Professor Hiroshi Miyashita specifically drew attention to the problem of privacy and said that attention must be paid to how the landscape changes with the possible ratification of TPP. The new trade agreement addresses privacy, but leaves a great deal of discretion to national governments – and the issue is whether this provides needed flexibility or poses the risk of market fragmentation. Hong Kong Privacy Commission official Henry Chang followed up this point saying that many of the business models on the cloud do not adequately protect privacy and that building in sufficient controls and technology to make them privacy compliant is going to be expensive.

Key Takeaways

Korea is committed to promoting cloud computing but still needs to work out obstacles to greater deployment in the public sector. Private sector interest in the cloud is very strong, with a big market for custom solutions and the growing use of hybrid clouds by customers. Yet Korea lags significantly behind other players in Asia, ranking only 6th in a recent survey and it is unclear whether the recently adopted Cloud Computing Act is the complete answer to spurring quicker adoption of the cloud domestically while also providing a platform for Korean firms selling into the region.

Japan has shown leadership in supporting the development of international standards for privacy and cybersecurity controls on the cloud. It ranks 1st in regional surveys and is taking a flexible, business-friendly approach to cloud regulation.
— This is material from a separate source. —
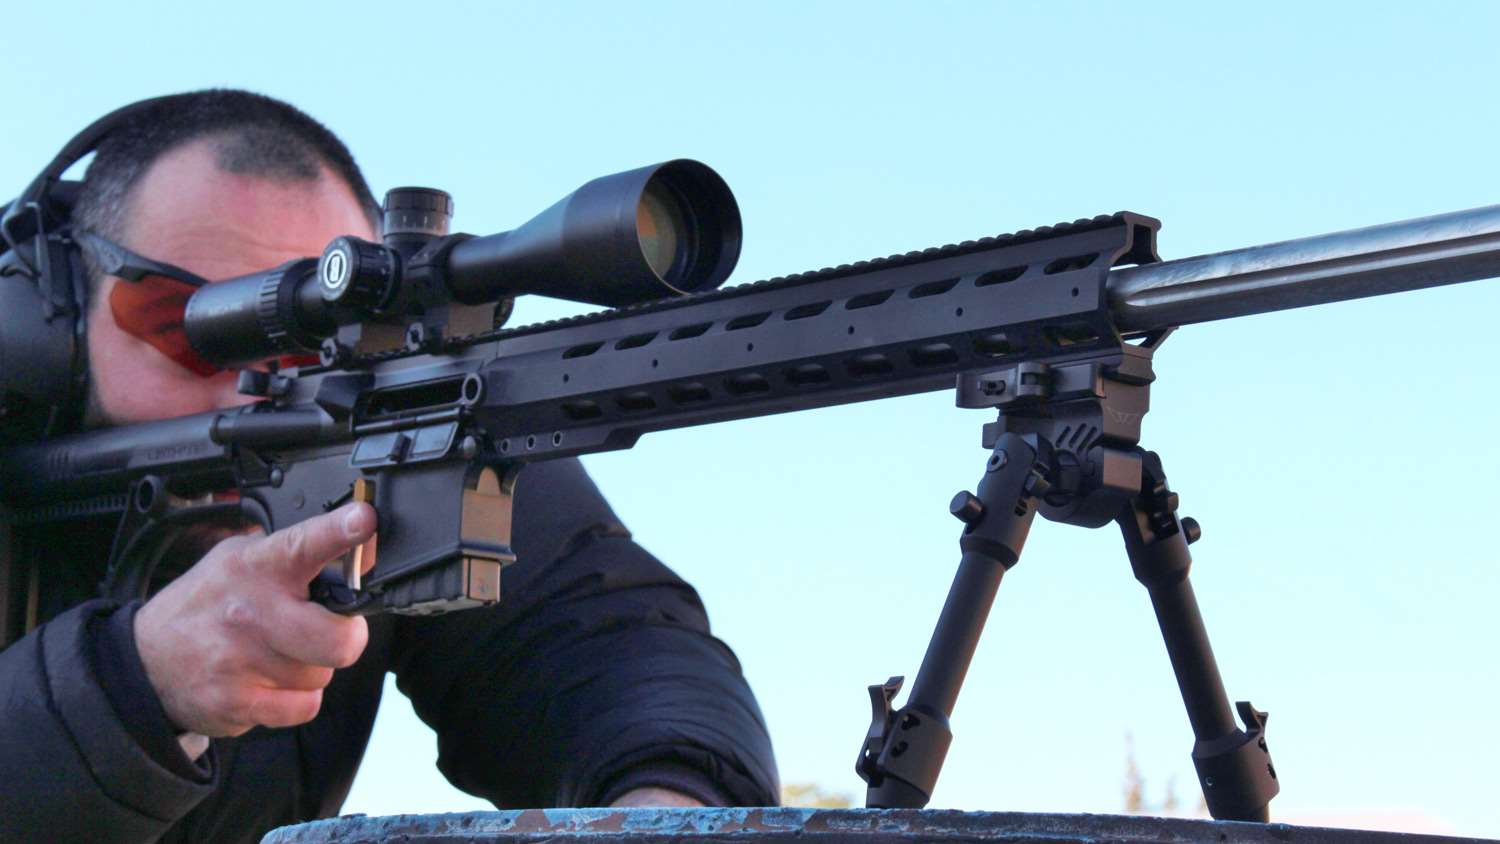 Bushnell Match Pro 6-24x50 mm riflescope

Cloud computing is an important part of Japan’s disaster preparedness plans with the government mandating the adoption of cloud-based business continuity plans by 2020. The current challenge for Japan is for government ministries to better coordinate their efforts in the area of cybersecurity and to sort out the different levels of protection necessary for users and platform operators.

Hong Kong basically takes a “hands-off” approach to cloud computing, with the goal of facilitating cloud usage by both the public and private sectors. The Commission understands cloud usage as an evolution of “data outsourcing” which is a widely understood business practice. However, new issues of scale and transparency require attention as well as the need for more education, particularly for small businesses, with regards to standard terms and conditions for entrusting data to third parties and a fuller grasp of the cloud’s potential. This particularly applies to the “fintech” businesses, an area of rapid growth in Hong Kong.
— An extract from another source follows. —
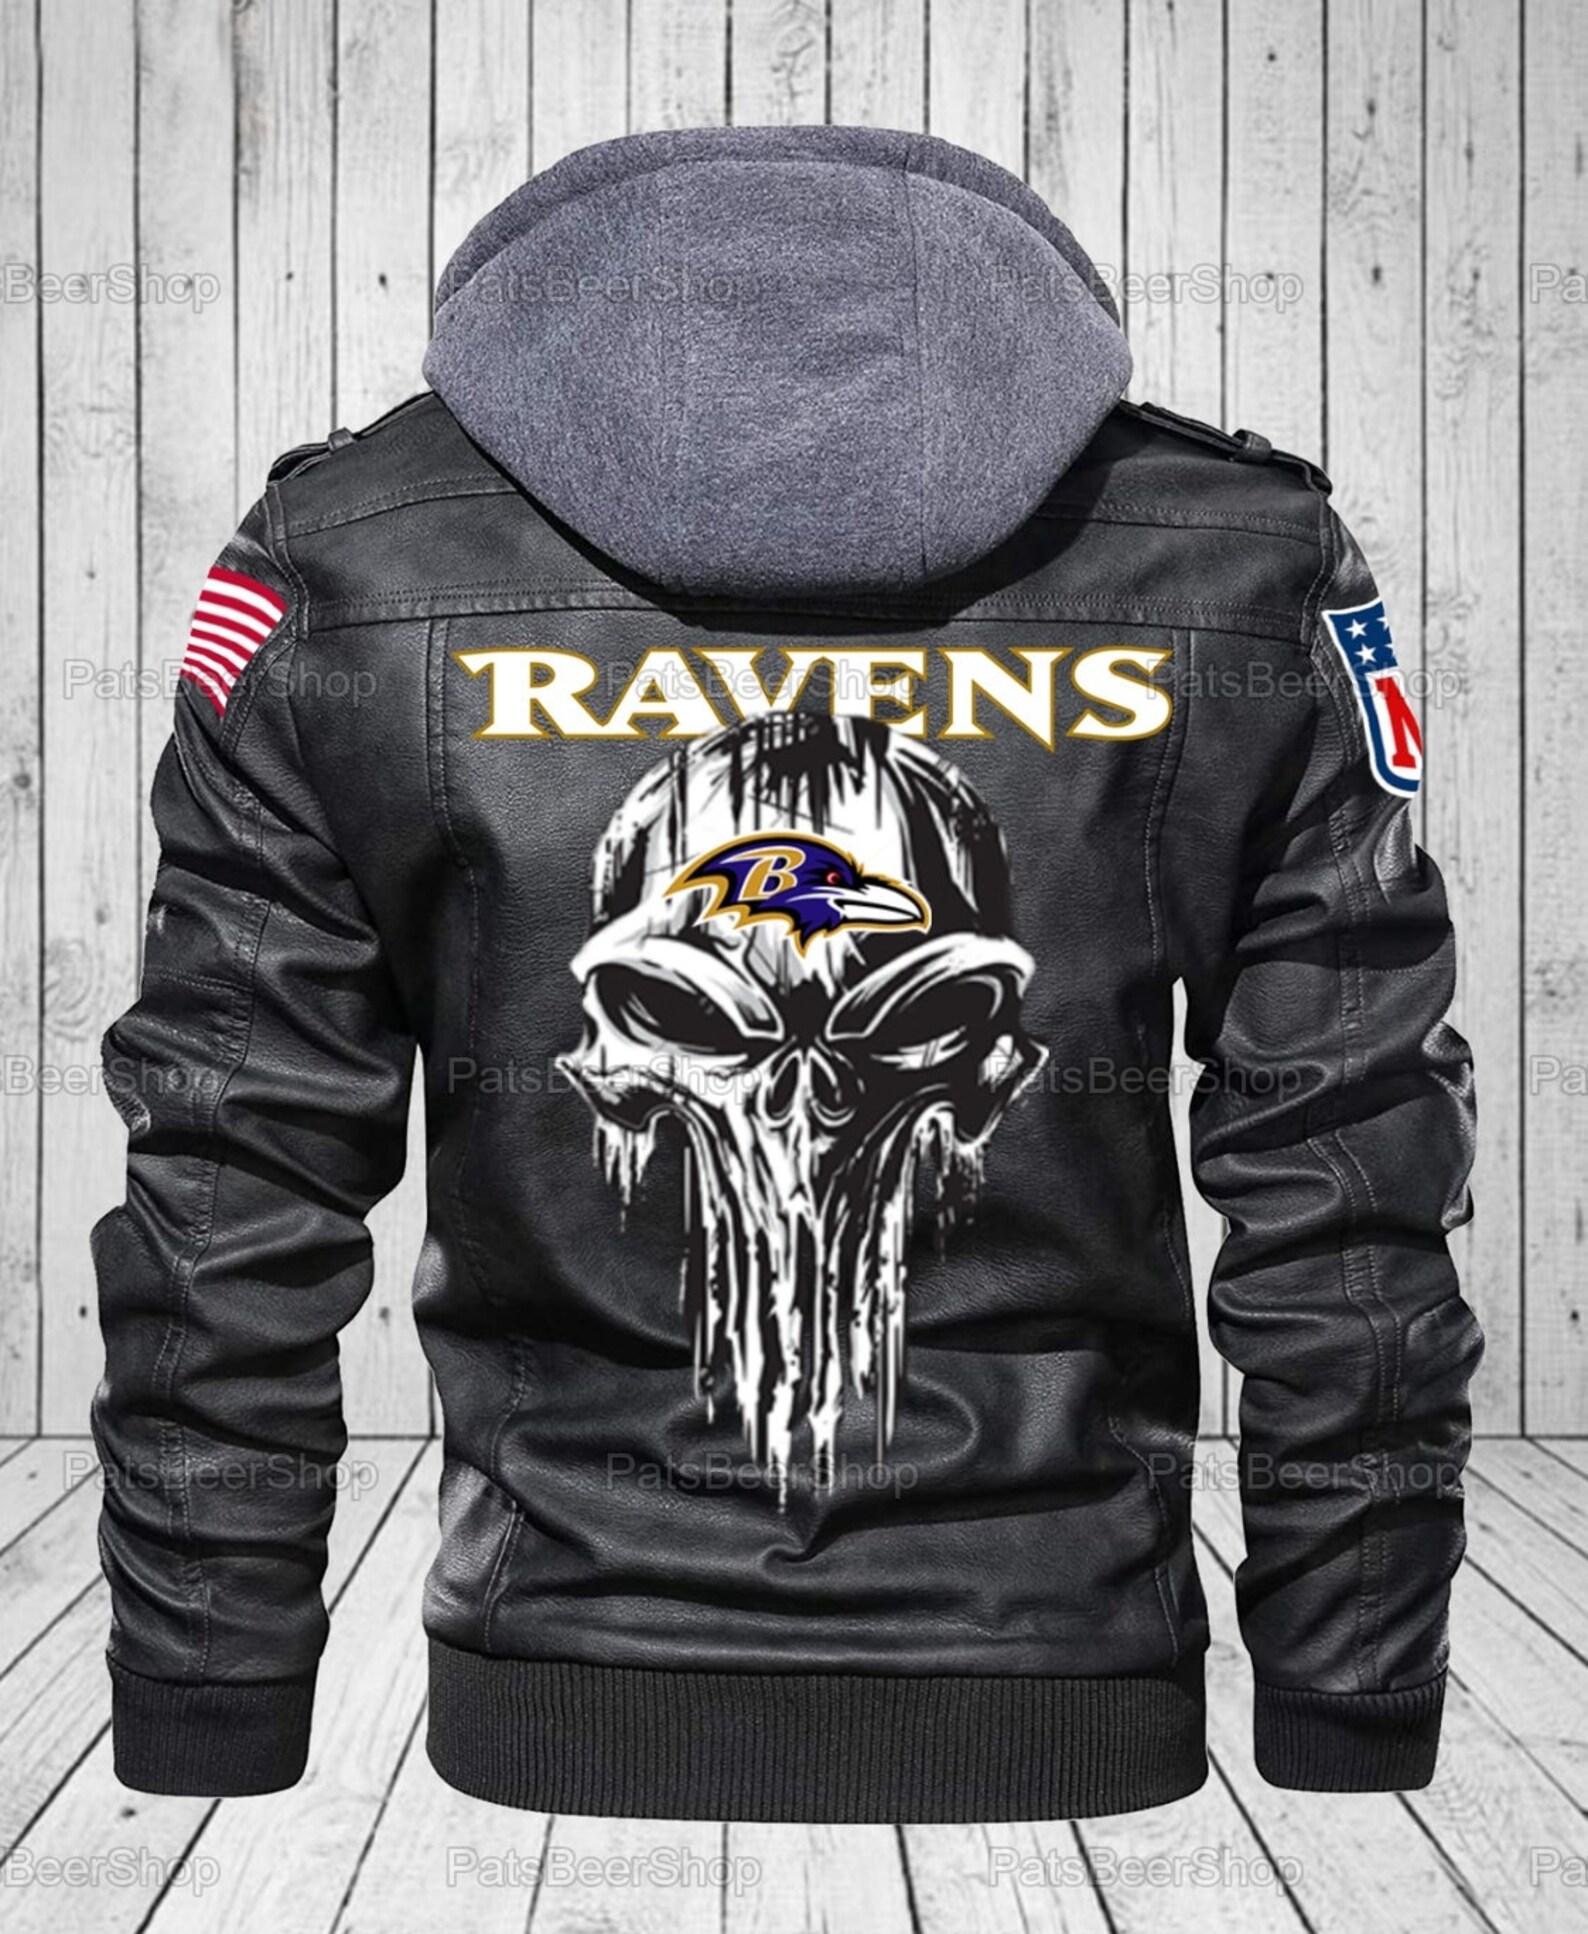 Baltimore Ravens NFL Leather Jackets Skull Punisher Jackets | Etsy

Singapore had initially taken a “hands-off” approach but was influenced by Malaysia’s new privacy framework, resulting in the government moving to adopt its own guidelines on privacy and security for the cloud. Attracting business in the region with a more predictable and certain regulatory environment to provide assistance for small businesses to move to cloud remains the goal. The public sector is not included in the Singapore government’s framework; it is focused on commercial interests, offering a possible model for Korea.

In the context of cloud computing, the issue of data sovereignty may best be addressed as an issue of transparency. Customers and governments need to know where their data is and how it is being protected. Cloud storage of data makes economic sense, because it allows for scale and reduces costs. There are many safeguards to protect the integrity of data stored in the cloud, e.g. end to end encryption and different levels of protection based on an agreed data classification scheme.

The central challenge will result from whether we will see more or less convergence in cloud computing practices within and across countries in region. The demand for security and concerns about privacy will continue, but the efficiency and scale that cloud computing offers will also grow as an attractive value proposition. At the same time, cloud computing can pose a systemic risk as it becomes more integrated into the fabric of our economy and society, especially as it becomes the de facto host for IOT and the critical infrastructure that depends on it. The mitigation of such risk requires collective mechanisms for cooperation involving governments, network service providers, ISPs, platform and application managers and others. In addition, the academic community has a role in the process of developing greater analysis and a stronger consensus on how these issues are best dealt with.